**Exercise data**

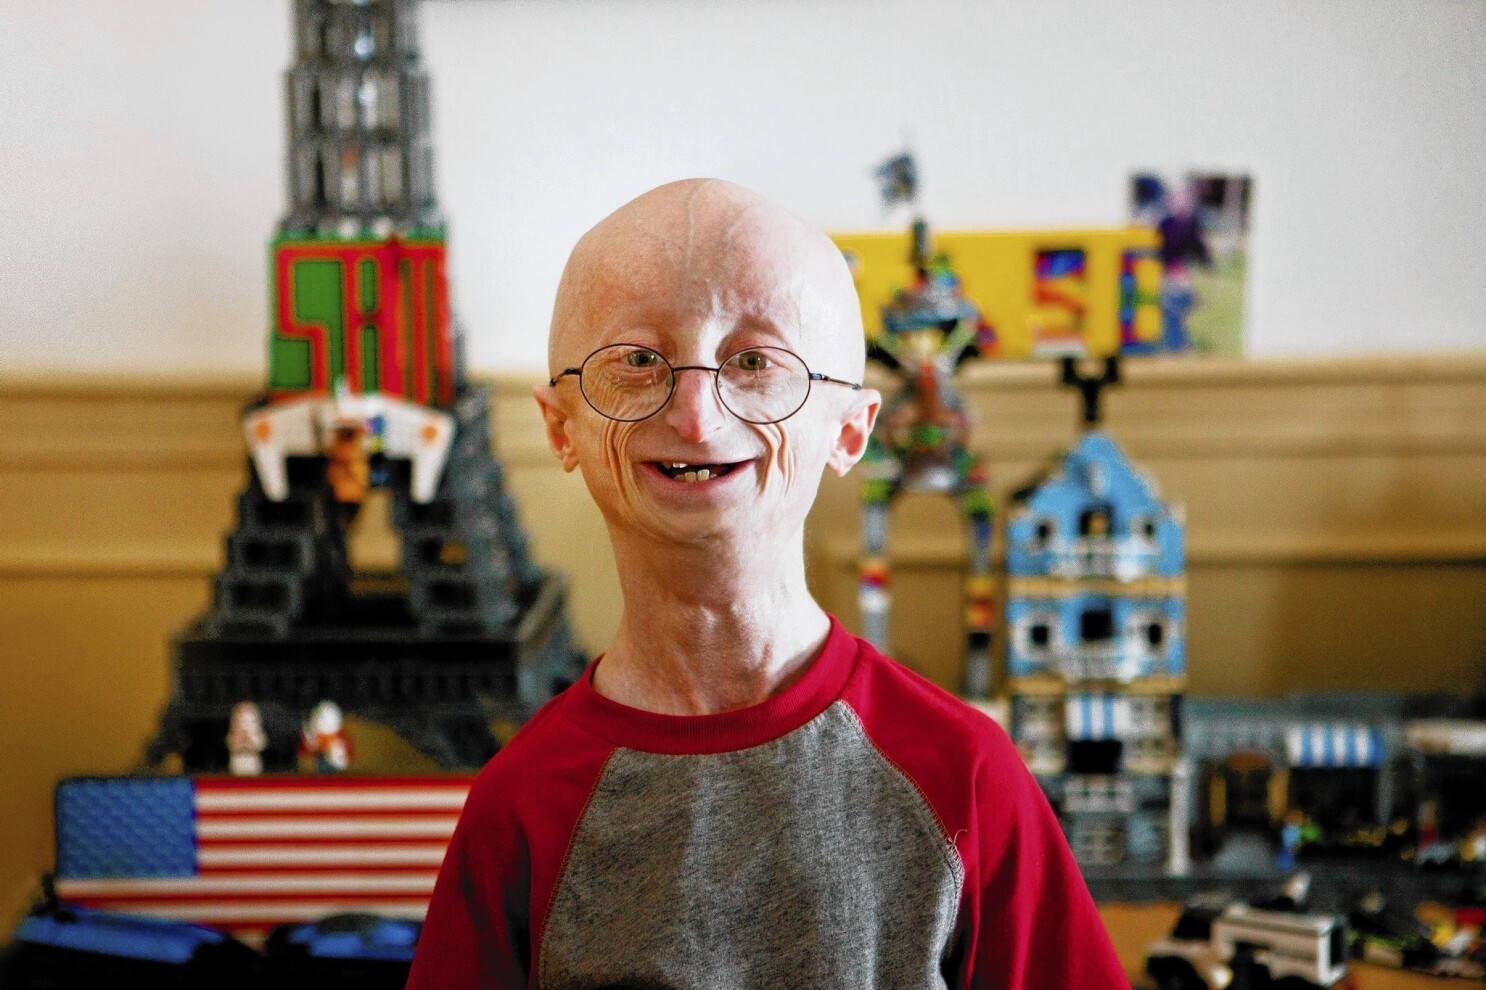 Progeria (pro-JEER-e-uh) یا پروجریا که همچنین به عنوان سندرم هاچینسون-گیلفورد شناخته می شود، یک اختلال ژنتیکی بسیار نادر و پیشرونده است که باعث می شود کودکان به سرعت پیر شوند و از دو سال اول زندگی شروع می شود.
کودکان مبتلا به پروجریا معمولا در بدو تولد طبیعی به نظر می رسند. در طول سال اول، علائم و نشانه هایی مانند رشد آهسته و ریزش مو شروع می شود.
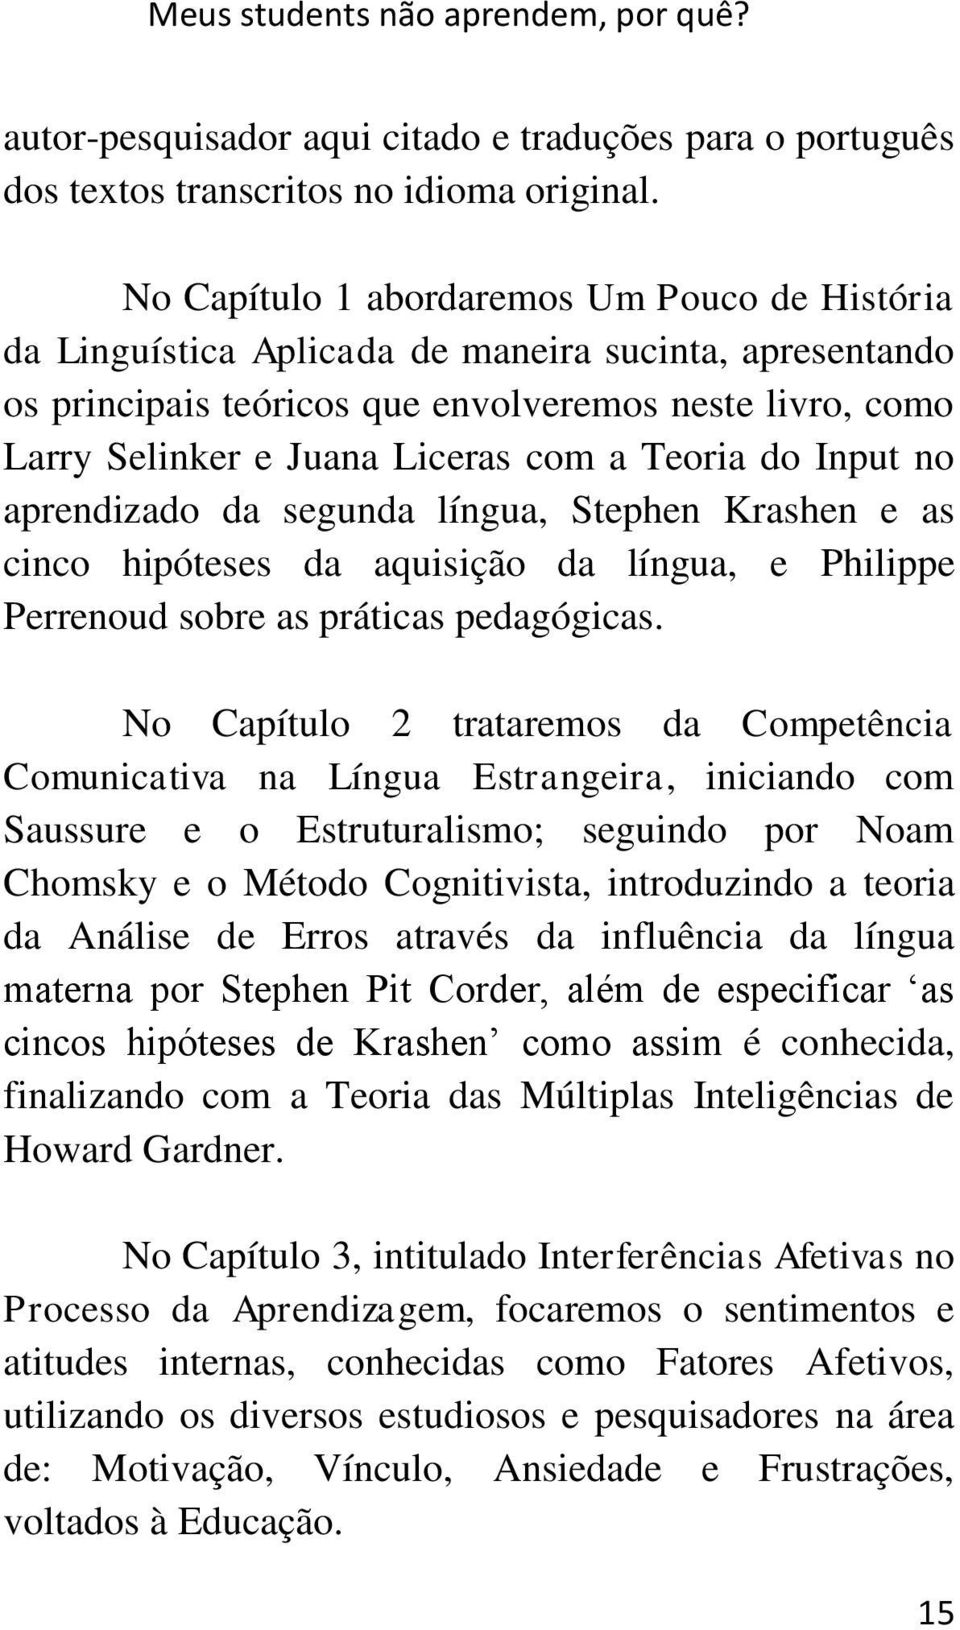 Teoria do Input no aprendizado da segunda língua, Stephen Krashen e as cinco hipóteses da aquisição da língua, e Philippe Perrenoud sobre as práticas pedagógicas.

**To do**
Repeat every line of the data above exactly, but drop the pictures.

**Result of the task**
 Progeria (pro-JEER-e-uh) یا پروجریا که همچنین به عنوان سندرم هاچینسون-گیلفورد شناخته می شود، یک اختلال ژنتیکی بسیار نادر و پیشرونده است که باعث می شود کودکان به سرعت پیر شوند و از دو سال اول زندگی شروع می شود.
کودکان مبتلا به پروجریا معمولا در بدو تولد طبیعی به نظر می رسند. در طول سال اول، علائم و نشانه هایی مانند رشد آهسته و ریزش مو شروع می شود.
 Teoria do Input no aprendizado da segunda língua, Stephen Krashen e as cinco hipóteses da aquisição da língua, e Philippe Perrenoud sobre as práticas pedagógicas.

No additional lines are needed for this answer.